Problem details = Set down, word for word, every line of the listing below, starting with the one that contains "Linda Farrow Adrienne" and ending with the final line. Include nothing else.

Supplied data =

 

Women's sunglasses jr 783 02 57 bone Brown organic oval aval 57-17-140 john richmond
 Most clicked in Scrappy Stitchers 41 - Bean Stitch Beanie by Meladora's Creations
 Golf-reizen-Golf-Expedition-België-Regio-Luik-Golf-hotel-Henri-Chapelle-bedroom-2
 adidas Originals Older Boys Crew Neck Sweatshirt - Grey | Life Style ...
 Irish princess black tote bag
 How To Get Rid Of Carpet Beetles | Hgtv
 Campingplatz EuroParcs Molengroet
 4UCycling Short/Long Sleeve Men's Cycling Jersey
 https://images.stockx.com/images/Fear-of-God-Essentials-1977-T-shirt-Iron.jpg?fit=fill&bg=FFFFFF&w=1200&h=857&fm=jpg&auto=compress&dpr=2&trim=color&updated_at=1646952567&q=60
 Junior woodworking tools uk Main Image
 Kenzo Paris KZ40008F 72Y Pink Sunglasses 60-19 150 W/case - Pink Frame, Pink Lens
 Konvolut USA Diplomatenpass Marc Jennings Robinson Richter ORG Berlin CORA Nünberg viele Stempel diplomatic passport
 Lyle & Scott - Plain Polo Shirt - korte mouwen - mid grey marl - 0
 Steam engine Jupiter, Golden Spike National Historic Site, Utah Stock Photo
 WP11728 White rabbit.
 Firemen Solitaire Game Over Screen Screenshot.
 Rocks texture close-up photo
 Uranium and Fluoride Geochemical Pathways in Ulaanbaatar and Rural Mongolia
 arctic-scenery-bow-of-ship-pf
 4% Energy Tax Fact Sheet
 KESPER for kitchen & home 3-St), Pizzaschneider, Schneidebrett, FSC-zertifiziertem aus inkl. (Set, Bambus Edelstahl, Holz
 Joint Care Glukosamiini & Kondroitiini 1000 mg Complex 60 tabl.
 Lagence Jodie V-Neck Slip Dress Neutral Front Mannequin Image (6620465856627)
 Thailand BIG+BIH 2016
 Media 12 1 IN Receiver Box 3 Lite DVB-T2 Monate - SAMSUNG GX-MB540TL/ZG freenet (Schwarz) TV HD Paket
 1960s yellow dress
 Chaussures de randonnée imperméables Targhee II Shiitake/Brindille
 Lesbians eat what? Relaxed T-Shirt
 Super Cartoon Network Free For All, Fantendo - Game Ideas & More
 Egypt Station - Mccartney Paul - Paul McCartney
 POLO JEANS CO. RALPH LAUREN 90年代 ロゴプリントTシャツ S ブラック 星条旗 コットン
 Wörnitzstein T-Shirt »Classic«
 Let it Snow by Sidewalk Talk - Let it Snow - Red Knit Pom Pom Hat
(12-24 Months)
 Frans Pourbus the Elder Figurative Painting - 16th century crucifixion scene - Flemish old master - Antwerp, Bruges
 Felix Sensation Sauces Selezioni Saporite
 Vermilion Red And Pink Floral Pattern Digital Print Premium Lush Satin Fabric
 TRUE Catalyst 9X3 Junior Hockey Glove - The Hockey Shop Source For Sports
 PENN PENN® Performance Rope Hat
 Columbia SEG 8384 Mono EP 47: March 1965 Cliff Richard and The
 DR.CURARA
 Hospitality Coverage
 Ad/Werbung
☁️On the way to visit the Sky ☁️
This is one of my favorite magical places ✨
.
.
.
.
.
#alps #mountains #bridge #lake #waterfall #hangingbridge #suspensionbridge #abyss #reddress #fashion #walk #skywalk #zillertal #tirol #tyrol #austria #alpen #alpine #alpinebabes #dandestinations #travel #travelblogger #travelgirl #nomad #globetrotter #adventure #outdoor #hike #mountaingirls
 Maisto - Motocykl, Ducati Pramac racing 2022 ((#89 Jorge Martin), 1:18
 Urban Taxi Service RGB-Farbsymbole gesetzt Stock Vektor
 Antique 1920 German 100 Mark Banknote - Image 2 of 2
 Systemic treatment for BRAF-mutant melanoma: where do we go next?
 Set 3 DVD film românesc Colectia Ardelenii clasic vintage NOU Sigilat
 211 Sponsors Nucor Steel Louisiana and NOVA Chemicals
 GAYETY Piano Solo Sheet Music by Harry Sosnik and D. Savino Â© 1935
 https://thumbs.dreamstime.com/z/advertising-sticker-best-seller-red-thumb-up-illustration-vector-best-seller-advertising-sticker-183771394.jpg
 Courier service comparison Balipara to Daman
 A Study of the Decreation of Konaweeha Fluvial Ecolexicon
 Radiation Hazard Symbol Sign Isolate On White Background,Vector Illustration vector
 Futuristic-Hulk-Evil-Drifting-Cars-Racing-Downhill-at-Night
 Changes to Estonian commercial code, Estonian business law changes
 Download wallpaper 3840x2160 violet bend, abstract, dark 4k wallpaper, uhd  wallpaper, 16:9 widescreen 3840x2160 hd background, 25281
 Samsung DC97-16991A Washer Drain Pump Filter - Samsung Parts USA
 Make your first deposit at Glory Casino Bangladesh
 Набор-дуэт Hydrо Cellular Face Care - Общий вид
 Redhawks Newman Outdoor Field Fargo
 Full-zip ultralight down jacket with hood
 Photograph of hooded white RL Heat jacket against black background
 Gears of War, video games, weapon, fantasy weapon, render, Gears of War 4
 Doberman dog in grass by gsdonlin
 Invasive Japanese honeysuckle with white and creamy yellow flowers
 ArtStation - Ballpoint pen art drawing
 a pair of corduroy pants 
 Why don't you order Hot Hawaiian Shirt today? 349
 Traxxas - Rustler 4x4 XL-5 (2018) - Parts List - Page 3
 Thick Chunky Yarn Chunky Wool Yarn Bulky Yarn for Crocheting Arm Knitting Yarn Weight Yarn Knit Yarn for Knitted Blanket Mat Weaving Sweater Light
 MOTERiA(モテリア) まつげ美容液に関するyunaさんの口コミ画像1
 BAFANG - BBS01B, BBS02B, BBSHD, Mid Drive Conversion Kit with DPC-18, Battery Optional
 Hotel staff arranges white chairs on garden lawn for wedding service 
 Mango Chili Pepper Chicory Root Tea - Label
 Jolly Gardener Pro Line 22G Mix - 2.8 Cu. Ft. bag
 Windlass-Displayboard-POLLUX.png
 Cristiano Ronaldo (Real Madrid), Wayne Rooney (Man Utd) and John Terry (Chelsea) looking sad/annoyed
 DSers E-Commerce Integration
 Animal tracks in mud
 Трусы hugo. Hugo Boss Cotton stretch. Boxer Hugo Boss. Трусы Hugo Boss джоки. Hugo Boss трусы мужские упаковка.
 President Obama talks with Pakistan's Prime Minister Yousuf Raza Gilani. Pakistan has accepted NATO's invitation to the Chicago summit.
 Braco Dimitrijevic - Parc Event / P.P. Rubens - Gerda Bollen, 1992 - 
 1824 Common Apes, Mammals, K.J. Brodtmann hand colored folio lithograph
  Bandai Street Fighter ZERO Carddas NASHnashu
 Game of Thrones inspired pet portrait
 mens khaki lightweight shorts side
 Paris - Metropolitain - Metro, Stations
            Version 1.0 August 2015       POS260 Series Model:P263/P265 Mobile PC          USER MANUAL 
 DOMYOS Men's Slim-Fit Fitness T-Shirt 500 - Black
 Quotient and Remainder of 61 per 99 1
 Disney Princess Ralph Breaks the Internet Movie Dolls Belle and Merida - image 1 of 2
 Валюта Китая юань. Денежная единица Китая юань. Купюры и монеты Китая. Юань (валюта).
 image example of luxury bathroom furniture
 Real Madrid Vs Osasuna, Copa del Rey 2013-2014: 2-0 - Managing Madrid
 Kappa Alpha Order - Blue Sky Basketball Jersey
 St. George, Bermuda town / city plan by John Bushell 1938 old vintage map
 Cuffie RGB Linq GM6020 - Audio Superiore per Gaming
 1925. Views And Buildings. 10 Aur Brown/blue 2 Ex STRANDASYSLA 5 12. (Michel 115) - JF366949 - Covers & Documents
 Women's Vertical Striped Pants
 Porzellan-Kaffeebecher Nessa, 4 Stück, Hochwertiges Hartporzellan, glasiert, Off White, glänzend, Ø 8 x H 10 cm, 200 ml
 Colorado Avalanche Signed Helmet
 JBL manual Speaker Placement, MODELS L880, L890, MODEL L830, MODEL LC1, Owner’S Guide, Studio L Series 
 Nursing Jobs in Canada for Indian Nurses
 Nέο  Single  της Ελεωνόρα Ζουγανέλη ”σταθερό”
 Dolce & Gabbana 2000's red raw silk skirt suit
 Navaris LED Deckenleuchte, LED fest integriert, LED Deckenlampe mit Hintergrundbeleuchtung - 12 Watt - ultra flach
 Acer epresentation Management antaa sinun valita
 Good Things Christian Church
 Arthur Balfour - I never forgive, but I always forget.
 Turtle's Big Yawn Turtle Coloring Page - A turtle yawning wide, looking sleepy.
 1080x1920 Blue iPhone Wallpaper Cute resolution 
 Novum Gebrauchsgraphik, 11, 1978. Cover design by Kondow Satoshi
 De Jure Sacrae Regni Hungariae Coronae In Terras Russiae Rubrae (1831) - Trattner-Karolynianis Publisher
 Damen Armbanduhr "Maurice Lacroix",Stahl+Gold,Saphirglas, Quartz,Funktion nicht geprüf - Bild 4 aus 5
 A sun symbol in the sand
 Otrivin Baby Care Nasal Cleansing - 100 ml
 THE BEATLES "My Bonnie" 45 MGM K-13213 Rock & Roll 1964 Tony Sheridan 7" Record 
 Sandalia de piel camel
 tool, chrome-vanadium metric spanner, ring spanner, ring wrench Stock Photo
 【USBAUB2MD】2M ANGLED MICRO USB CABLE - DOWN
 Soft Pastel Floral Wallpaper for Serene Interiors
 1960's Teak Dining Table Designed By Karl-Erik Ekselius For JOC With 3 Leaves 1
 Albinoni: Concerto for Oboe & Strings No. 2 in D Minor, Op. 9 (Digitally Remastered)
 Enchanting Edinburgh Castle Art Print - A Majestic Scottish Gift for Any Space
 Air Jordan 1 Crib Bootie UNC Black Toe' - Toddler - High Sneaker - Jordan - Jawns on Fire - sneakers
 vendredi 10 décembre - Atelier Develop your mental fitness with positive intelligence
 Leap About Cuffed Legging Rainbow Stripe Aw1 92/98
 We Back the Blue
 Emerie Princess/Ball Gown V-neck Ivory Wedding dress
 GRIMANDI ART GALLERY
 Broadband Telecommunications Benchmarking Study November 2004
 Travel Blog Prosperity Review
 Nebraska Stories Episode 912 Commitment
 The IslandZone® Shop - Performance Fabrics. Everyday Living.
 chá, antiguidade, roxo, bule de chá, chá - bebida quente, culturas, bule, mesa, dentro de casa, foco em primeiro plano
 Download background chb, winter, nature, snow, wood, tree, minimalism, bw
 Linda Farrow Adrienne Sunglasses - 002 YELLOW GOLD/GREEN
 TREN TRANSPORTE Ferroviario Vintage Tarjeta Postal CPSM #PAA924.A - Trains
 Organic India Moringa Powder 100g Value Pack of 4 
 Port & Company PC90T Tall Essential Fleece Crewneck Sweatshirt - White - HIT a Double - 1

Response to the task =
 Linda Farrow Adrienne Sunglasses - 002 YELLOW GOLD/GREEN
 TREN TRANSPORTE Ferroviario Vintage Tarjeta Postal CPSM #PAA924.A - Trains
 Organic India Moringa Powder 100g Value Pack of 4 
 Port & Company PC90T Tall Essential Fleece Crewneck Sweatshirt - White - HIT a Double - 1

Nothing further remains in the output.